Characterization of Durum Wheat Resistance against Septoria Tritici Blotch under Climate Change Conditions of Increasing Temperature and CO2 Concentration

Abstract

Wheat interactions against fungal pathogens, such as Zymoseptoria tritici, are affected by changes in abiotic factors resulting from global climate change. This situation demands in-depth knowledge of how predicted increases in temperature and CO2 concentration ([CO2]) will affect wheat—Z. tritici interactions, especially in durum wheat, which is mainly grown in areas considered to be hotspots of climate change. Therefore, we characterized the response of one susceptible and two resistant durum wheat accessions against Z. tritici under different environments in greenhouse assays, simulating the predicted conditions of elevated temperature and [CO2] in the far future period of 2070–2099 for the wheat-growing region of Córdoba, Spain.

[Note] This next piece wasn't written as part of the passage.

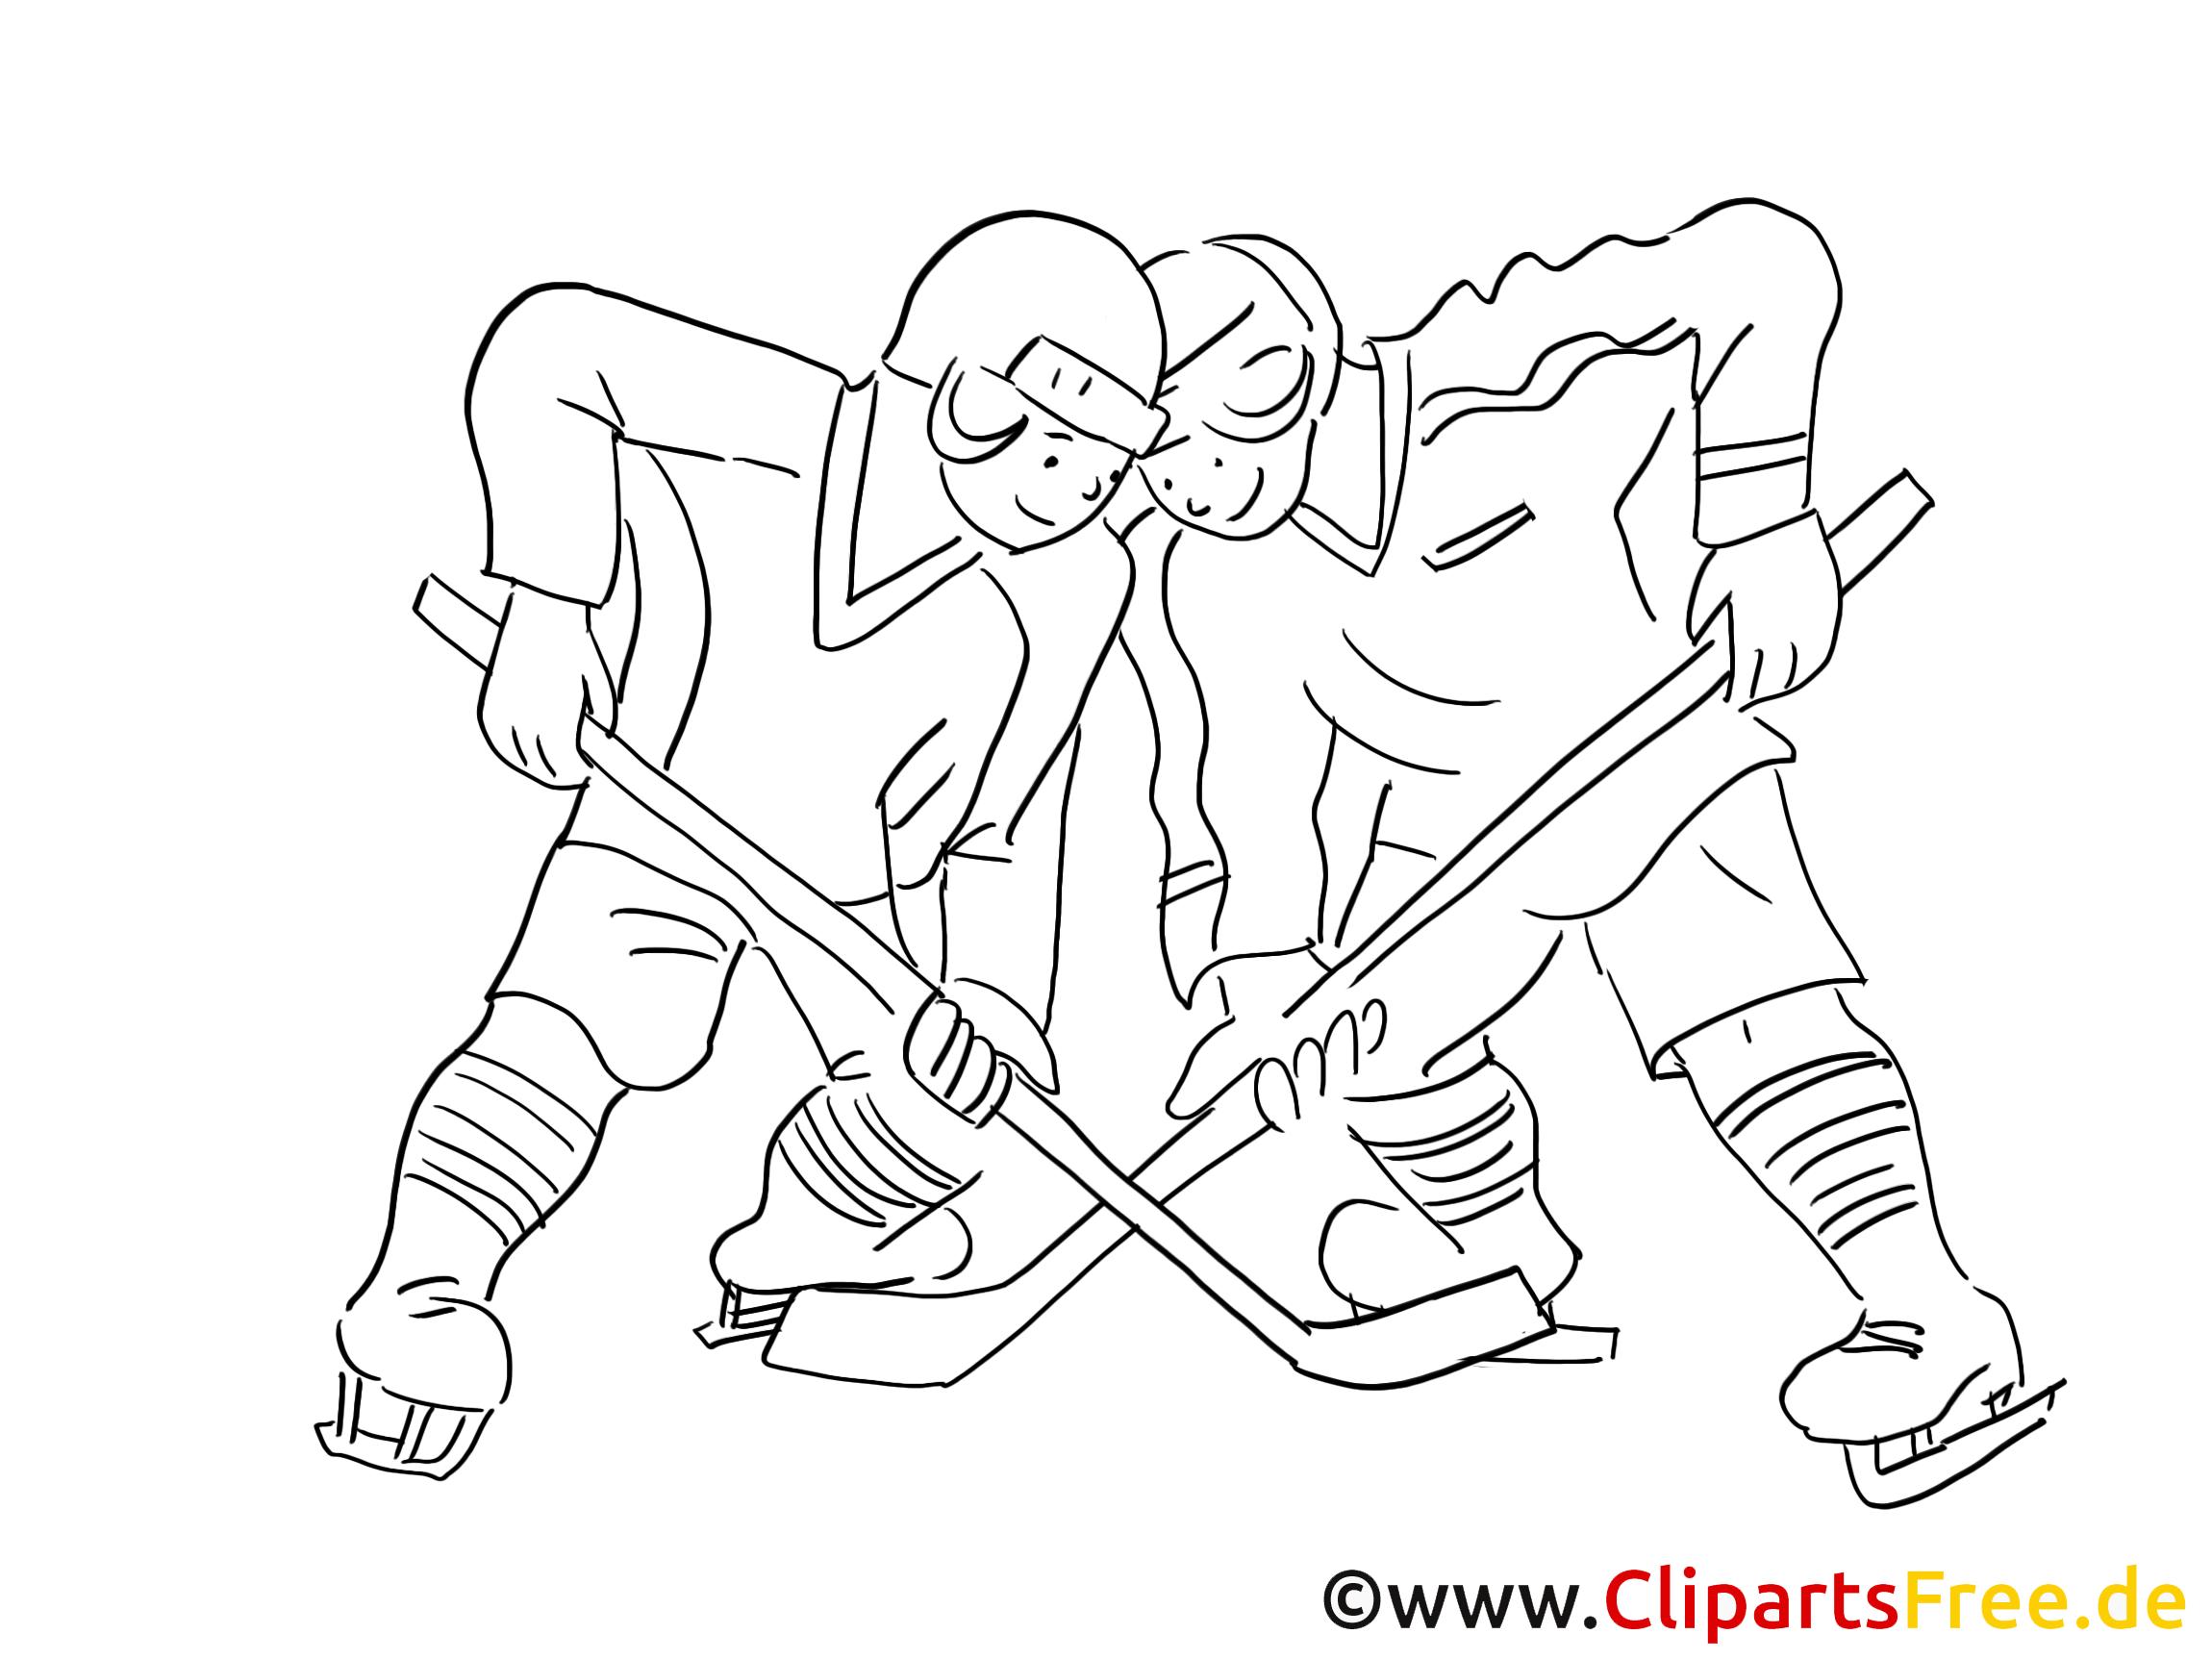 eishockey bild clipart grafik comic schwarz weiss zum. Black Bedroom Furniture Sets. Home Design Ideas

The exposure of the wheat—Z. tritici pathosystem to elevated temperature reduced disease incidence compared with the baseline weather conditions, mainly affecting pathogen virulence, especially at the stages of host penetration and pycnidia formation and maturation. Interestingly, simultaneous exposure to elevated temperature and [CO2] slightly increased Z. tritici leaf tissue colonization compared with elevated temperature weather conditions, although this fungal growth did not occur in comparison with baseline conditions, suggesting that temperature was the main abiotic factor modulating the response of this pathosystem, in which elevated [CO2] slightly favored fungal development.